NeurIPS 2019
Sun Dec 8th through Sat the 14th, 2019 at Vancouver Convention Center
Paper ID:3687
Title:Hyperparameter Learning via Distributional Transfer

Reviewer 1

[I have read the author rebuttal. Since it does address my essential concern of whether the performance observed in the paper generalizes, I've upgraded my score.] Summary: I liked the step in the direction of a more principled and generic approach for leveraging dataset characteristics for hyperparameter selection. However, the limitation to a single model class and instance space appear to constrain broad applicability. Moreover, even in this restricted setting, there is a fairly large design space to consider: embedding distribution or combination of, neural network architecture(s) for the embeddings and potentially for the BLR data matrix, acquisition function settings, optimization settings. This makes we wonder how easy the approach would be to apply generally. A broader experimental section would help assuage this concern. Originality: The incorporation of sampling distribution embeddings within BO for hyperparameter selection is novel to my knowledge. Quality: The two toy examples are nice proof-of-concepts, but a broader set of experimental results on interesting real-world scenarios would go a long way in providing convincing evidence that the restricted setting and various design decisions aren't issues. The results on the real dataset are positive for the proposed method, but underwhelming in that the easier utilization of a kernel over dataset meta-features (manualGP) and warm-starting with dataset meta-features (initGP) also perform fairly well in comparison. How did the authors make their decisions on the neural network architecture, acquisition function, and optimization settings? Clarity: I don't have major comments here. I found the paper fairly easy to follow. Also, even though I have concern regarding the design space, I would like to point out that the authors have provided a lot of detail on their experimental setup.

Reviewer 2

The paper proposes to transfer information across tasks using learnt representations of training datasets used in those tasks. This results in a joint Gaussian process model on hyperparameters and data representations. The developed method has a faster convergence compared to existing baselines, in some cases requiring only a few evaluations of the target objective. Through experiments, the authors show that it is possible to borrow strength between multiple hyperparameter learning tasks by making use of the similarity between training datasets used in those tasks. This helps developing the new method which finds a favourable setting of hyperparameters in only a few evaluations of the target objective.

Reviewer 3

This paper proposed a novel method for transfer learning in Bayesian hyperparameter optimization based on the theory that the distributions of previously observed datasets contain significant information that should not be ignored during hyperparameter optimization on a new dataset. They propose solutions to compare different datasets through distribution estimation and then combine this information with the classical Bayesian hyperparameter optimization setup. Experiments show that the method outperforms selected baselines. Originality: the method is novel, although it mostly bridges ideas from various fields. Quality: I would like to congratulate the authors on a very well written paper. The quality is very high throughout.
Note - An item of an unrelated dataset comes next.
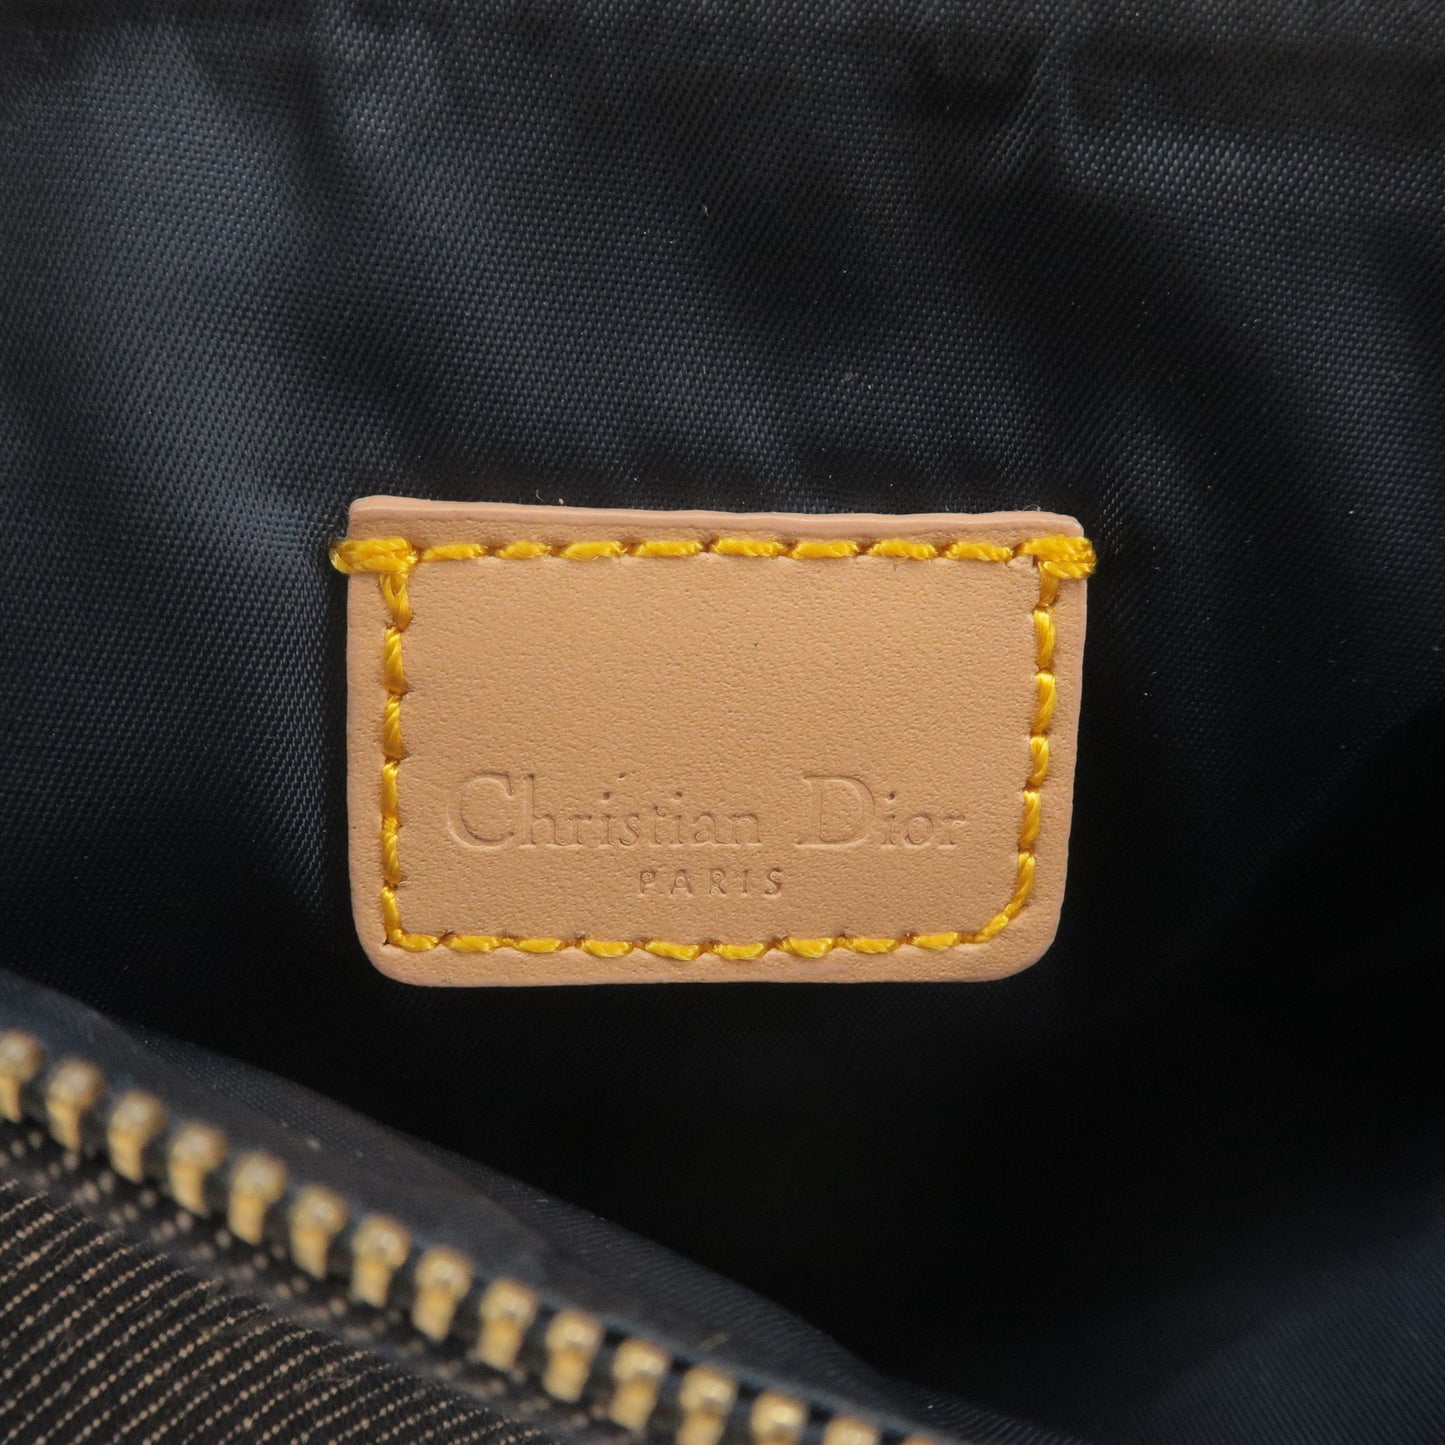 Christian Dior Denim Leather Saddle Bag Shoulder Bag Navy

Clarity: The paper is clear in general, but left me with some questions. For instance, what criterion is used to learn the NN embeddings of data distributions (Section 4.1)? Is it the marginal likelihood of the distGP/distBLR? Is it learned at the same time as the other parameters mu, nu and sigma? I am not deeply familiar with the Deep Kernel Learning paper but in there it seems they do use marginal likelihood. Significance: I think the paper has the potential to have a high impact in the field. I would have liked more extensive experiments to showcase this, e.g., evaluating on extensive benchmarks such as the ones in [Perrone et al. 2018]. Is there any specific reason why the ADAM optimizer was chosen for the hyperparameters (asking because most of the literature seems to have settled on L-BFGS to get rid of the learning rate)? I will finally mention in passing that the appendix was referenced a total of 14 times in the paper, and while this has no bearing on my final score for the paper, it does feel a bit heavy to have to go back and forth between the paper and the appendix. POST REBUTTAL: I have read the rebuttal, and thank the authors for the clarifications -- it seems I had misunderstood some parts of the paper. I still think this is a decent addition to make to the literature on hyperparameter optimization. I have seen instances of problems where this solution would be applicable.